I didn’t like the fact that we lost especially on our own field and I didn’t like to [wear] my band suit because it was sweating my neck.”
Colin especially didn’t like it when one of the “elder classman” (his words) made fun him when he lost his balance and said, “Whoa.” While I told Colin that freshmen always get teased, he insisted he hasn’t noticed it happening to another soul. Now, why would I think my highly socially aware child wouldn’t notice others getting teased . . . ?
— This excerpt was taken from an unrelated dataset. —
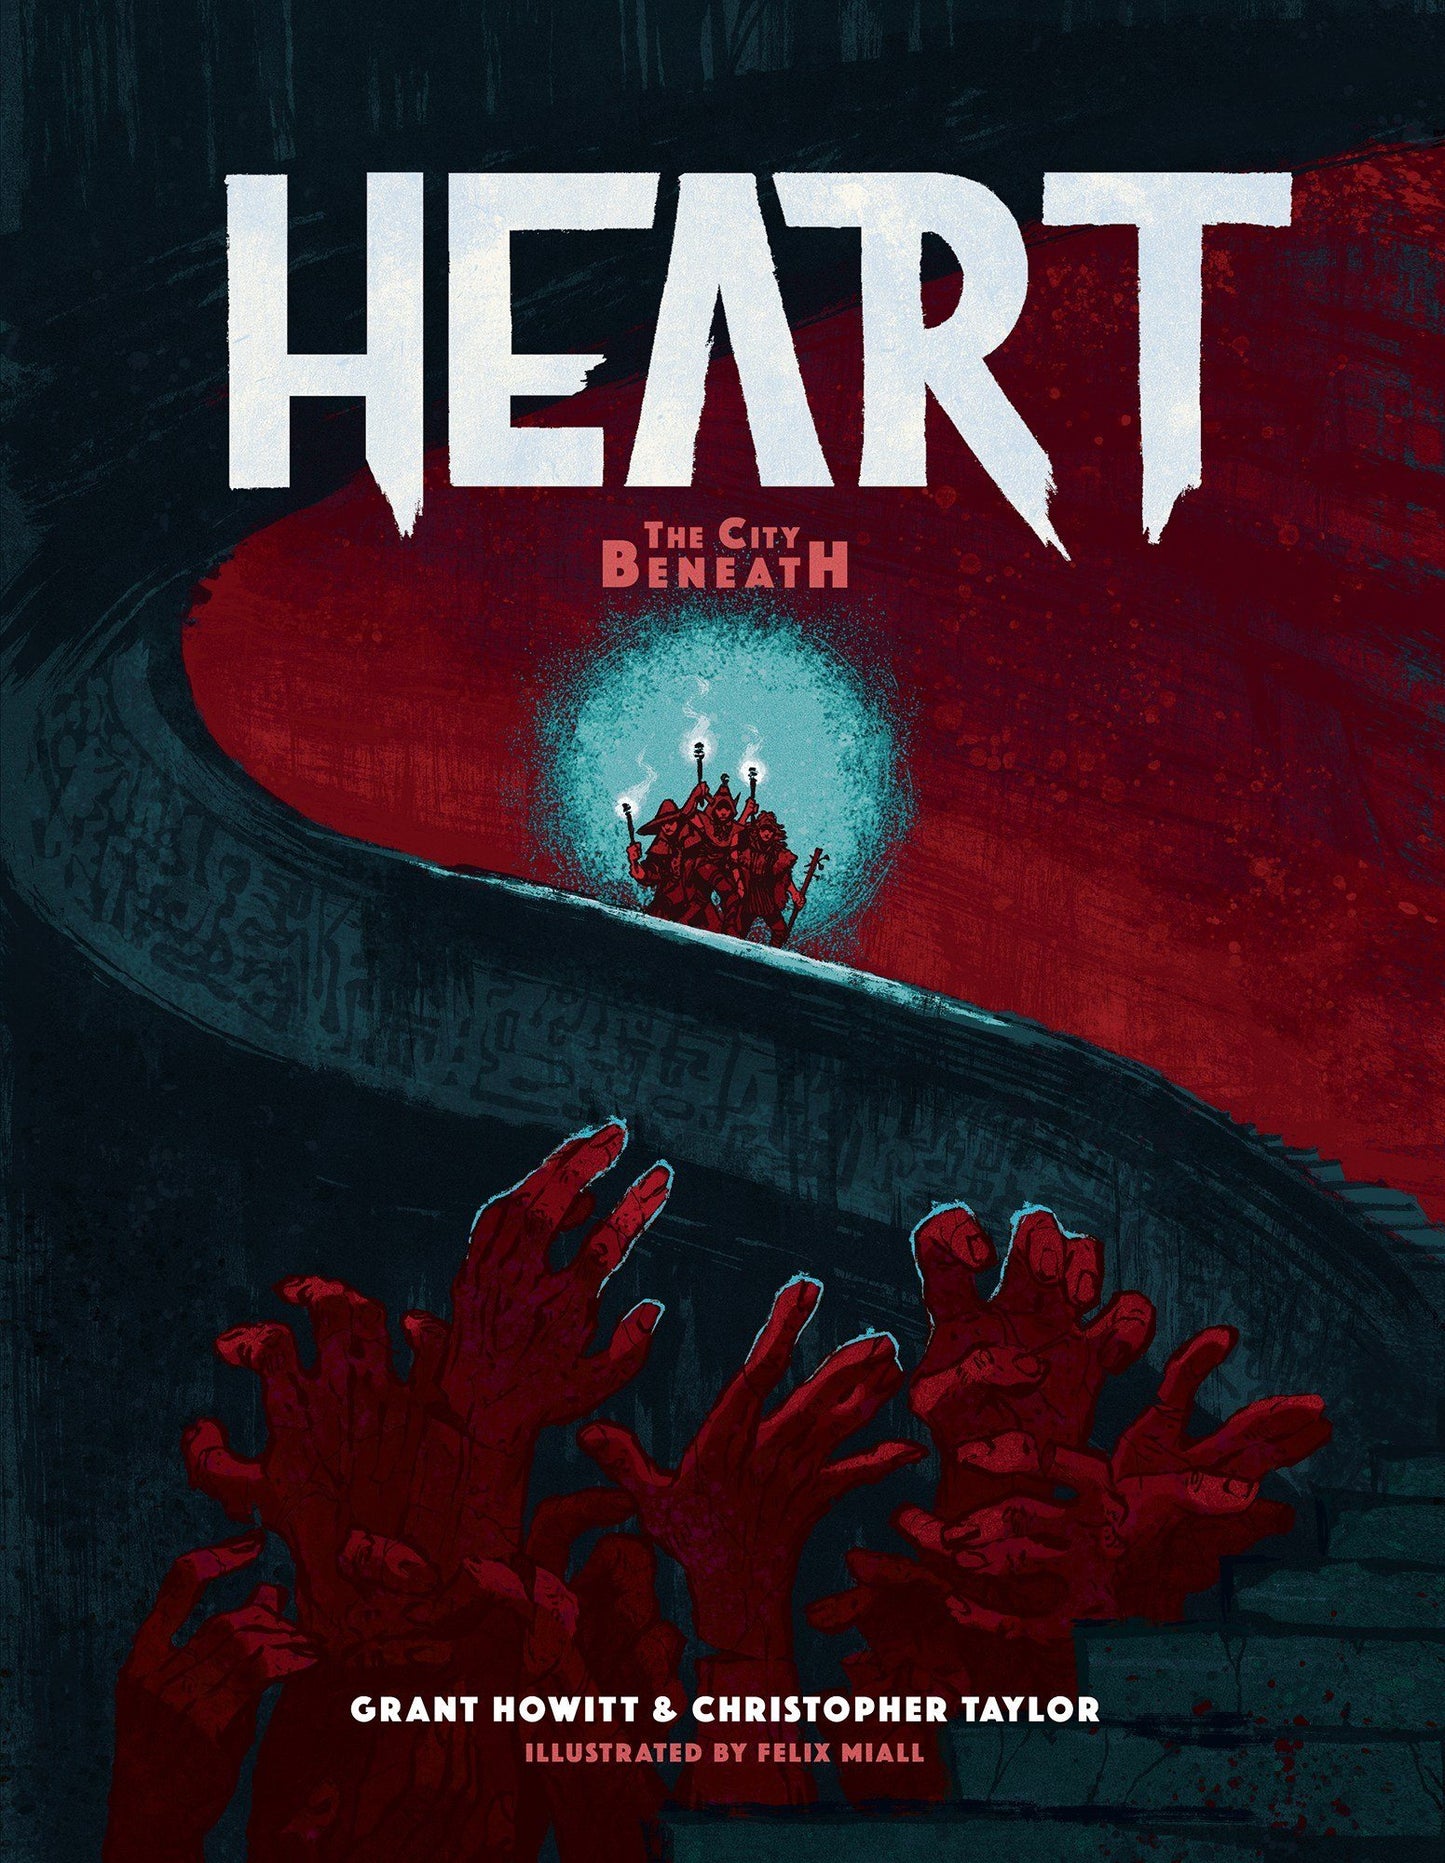 Heart: The City Beneath RPG Role Playing Game Rowan Roock and Decard

His answer to the question, “Why do you think you get treated differently in band or school”:
“I thought I got treated differently because the way I usually behaved, you know, very tempermental and silly a little bit and how I kinda react to things. People wouldn’t understand me.”
And, finally, that first display of foolishness, or at least the first that I am willing to admit to from my last post: a photo of my Heiseman trophy-winning, football-playing-squirrel shirt, complete with Colin’s band “button” photo (which is a good photo—Colin’s wearing a mild, adolescent-rocker snarl, and sporting enough hair to be a candidate for a an 80s hair band), on a field of goldenrod, the color of the opposing team, the Clemens’ Bisons, from last game:
Fantastic squirrel tee shirt. Colin's Band "Button" photo upper left on shirt. |
Until the next game, Aufwiedersehen, or something like that, and Go, Bluuuuuuuuooooooohhhhhh!!!!!!!